- Lungpha Location in Manipur, India Lungpha Lungpha (India)
- Coordinates: 24°56′18″N 94°15′07″E﻿ / ﻿24.93833°N 94.25194°E
- Country: India
- State: Manipur
- District: Ukhrul

Population
- • Total: 1,110

Languages
- • Official: Tangkhul (Lungpha tui)
- Time zone: UTC+5:30 (IST)
- PIN: 795145
- Vehicle registration: MN
- Nearest city: Ukhrul Imphal
- Literacy: 92.86%
- Lok Sabha constituency: Outer Manipur
- Vidhan Sabha constituency: Ukhrul
- Website: manipur.gov.in

= Lungpha =

Lungpha is a village located south of Ukhrul in Ukhrul district, Manipur state, India. The village is about 15 kilometers from Ukhrul via National Highway 150 that connects Imphal and Kohima via Ukhrul and Jessami. Lungpha is flanked by Ramva in the north, Tungou in the west, Litan in the south and Shangshak in the east. Locally, the inhabitants speak Lungpha tui which belongs to the Tibeto-Burman language family.

==Total population==
According to 2011 census, Lungpha has 150 households with the total of 1110 people of which 599 are male and 501 are female.
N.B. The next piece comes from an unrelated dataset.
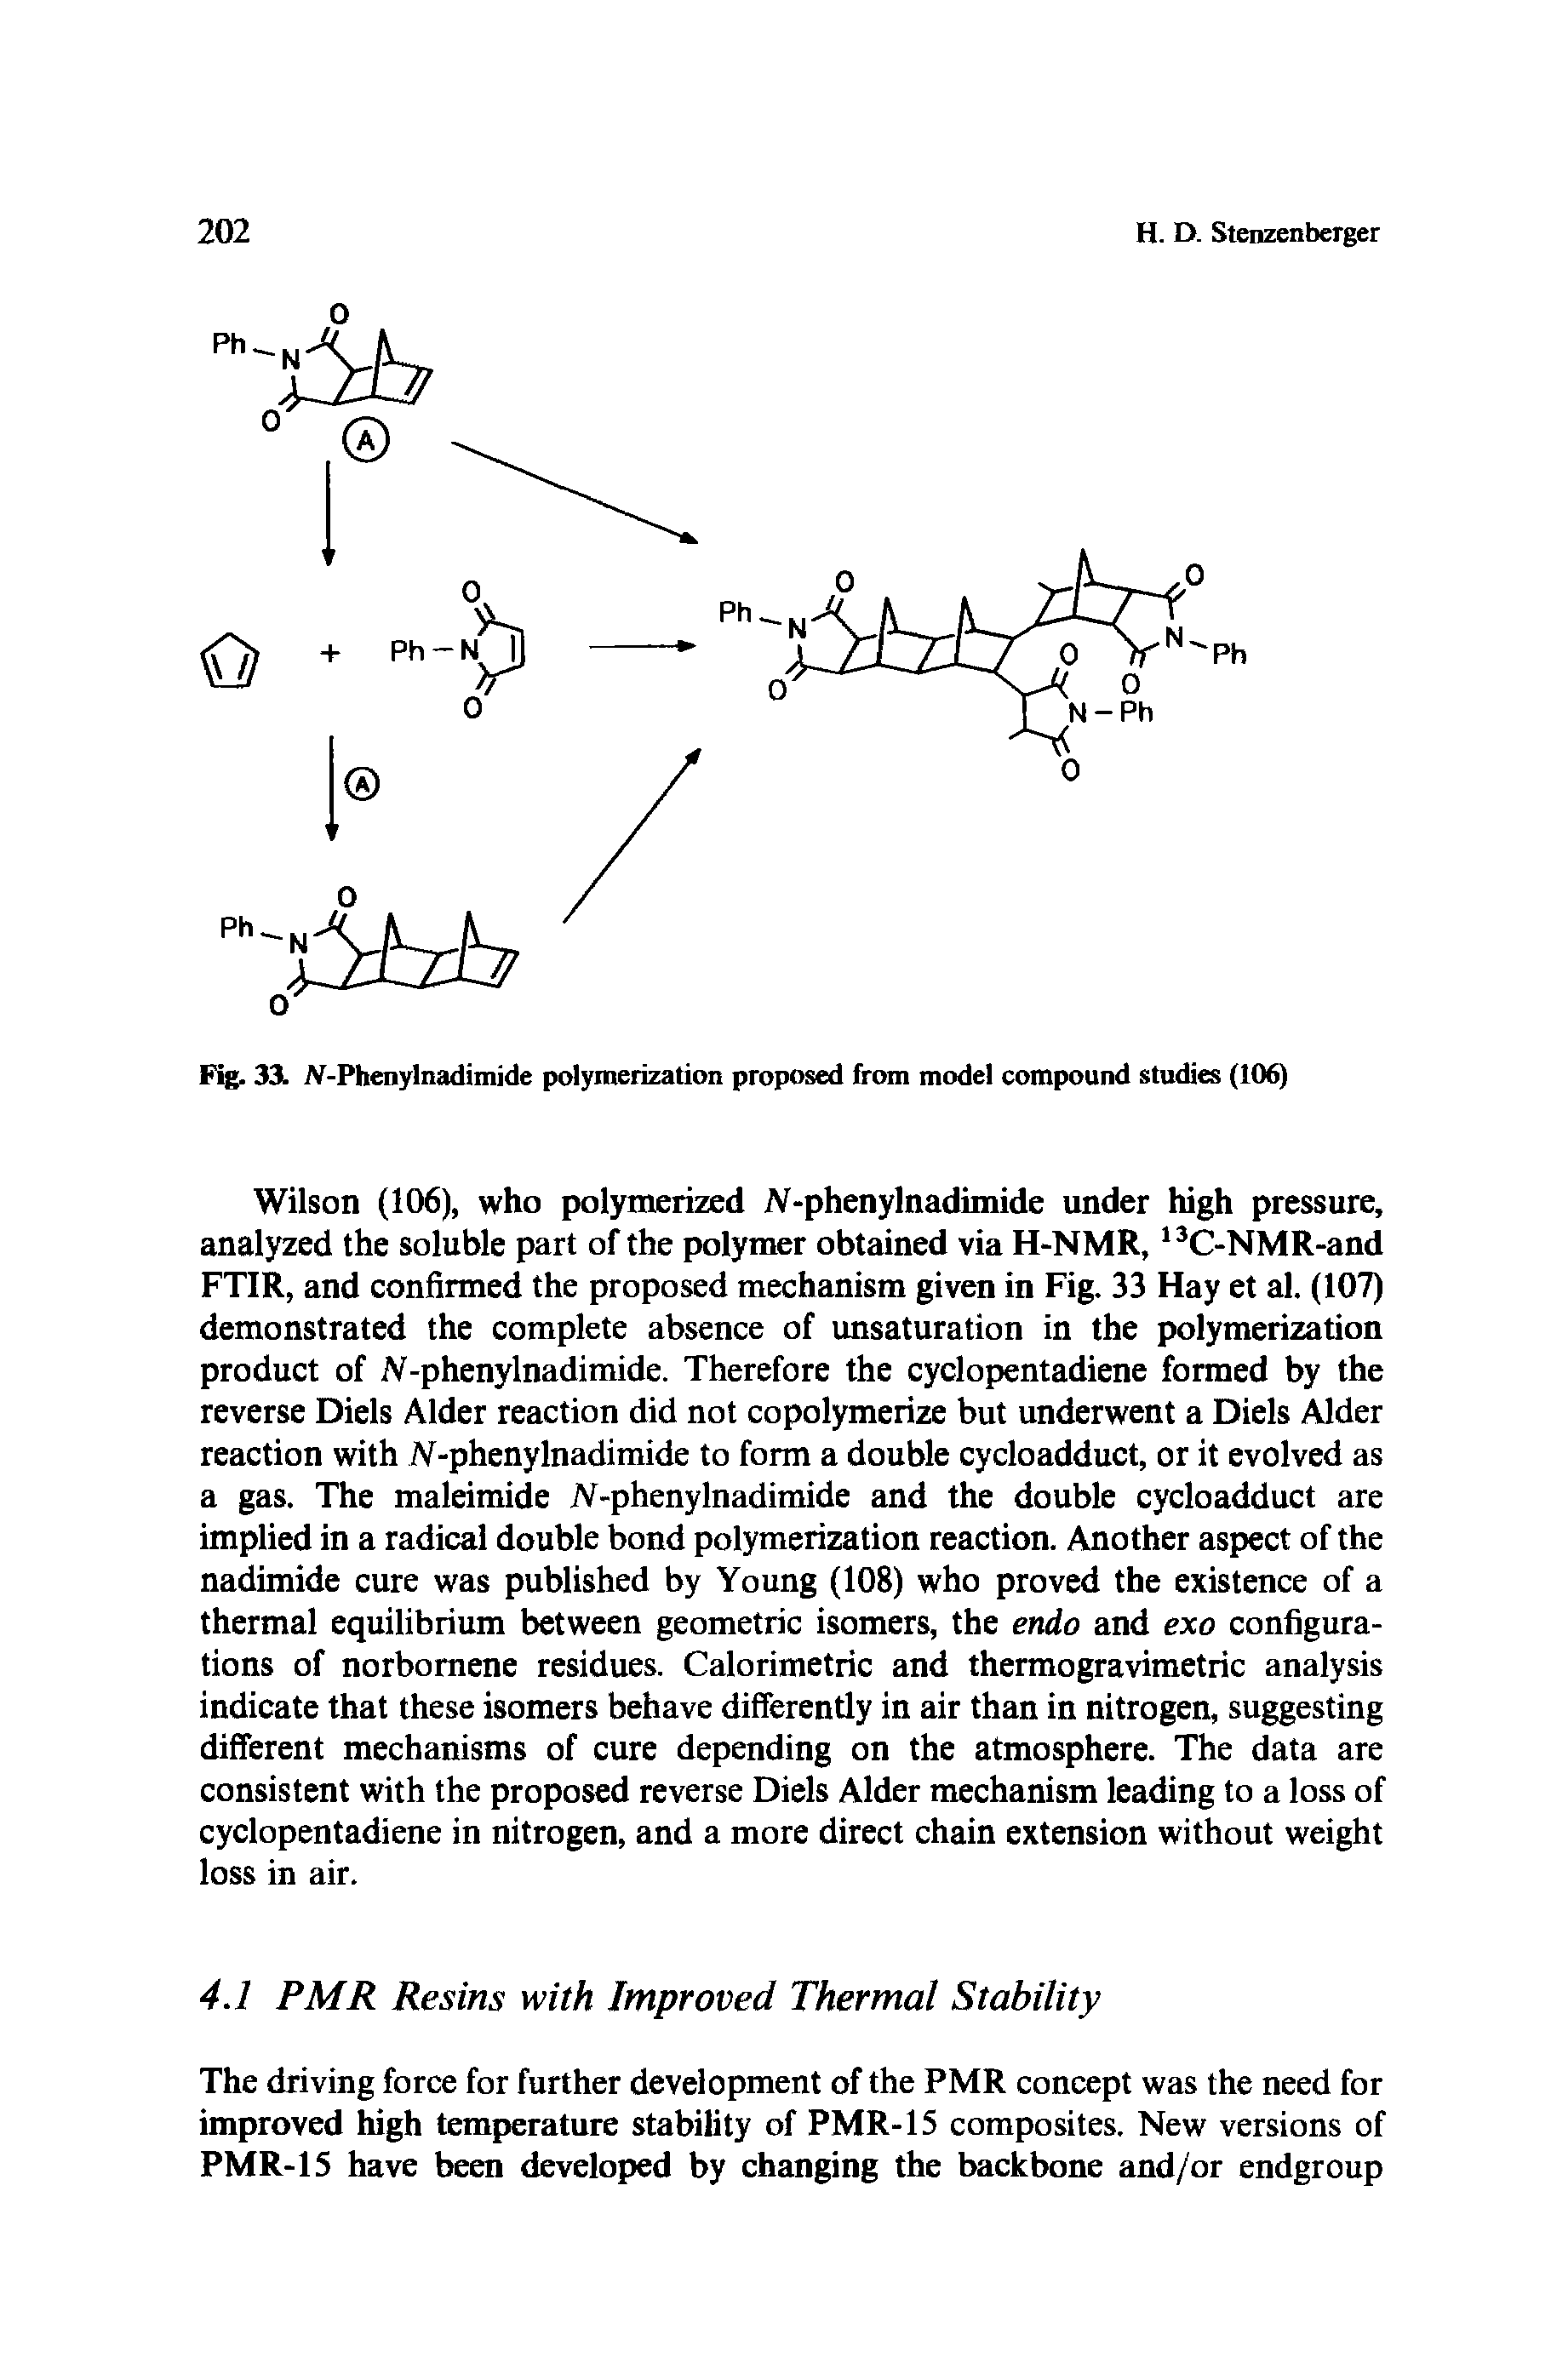 Fig. 33. JV-Phenylnadimide polymerization proposed from model compound studies (106)...

Of the total population, 68 were in the age group of 0–6 years. The average sex ratio of the village is 900 female to 1000 male which is lower than the state average of 985. The literacy rate of the village stands at 92.86% which is higher than the state average 76.94%. Male literacy rate stands at 95.16% while female literacy rate was 90.33%.

==People and occupation==
The village is home to people of Tangkhul Naga tribe. Majority of the inhabitants are Christians. Agriculture is the primary occupation of the inhabitants. Lungpha is one of the 44 villages considered likely to be affected as a catchment area when the Mapithel multi purpose project is finally functional. There was a great uproar in 2012 when a couple were shot dead in the village by suspected NSCN (IM) cadres.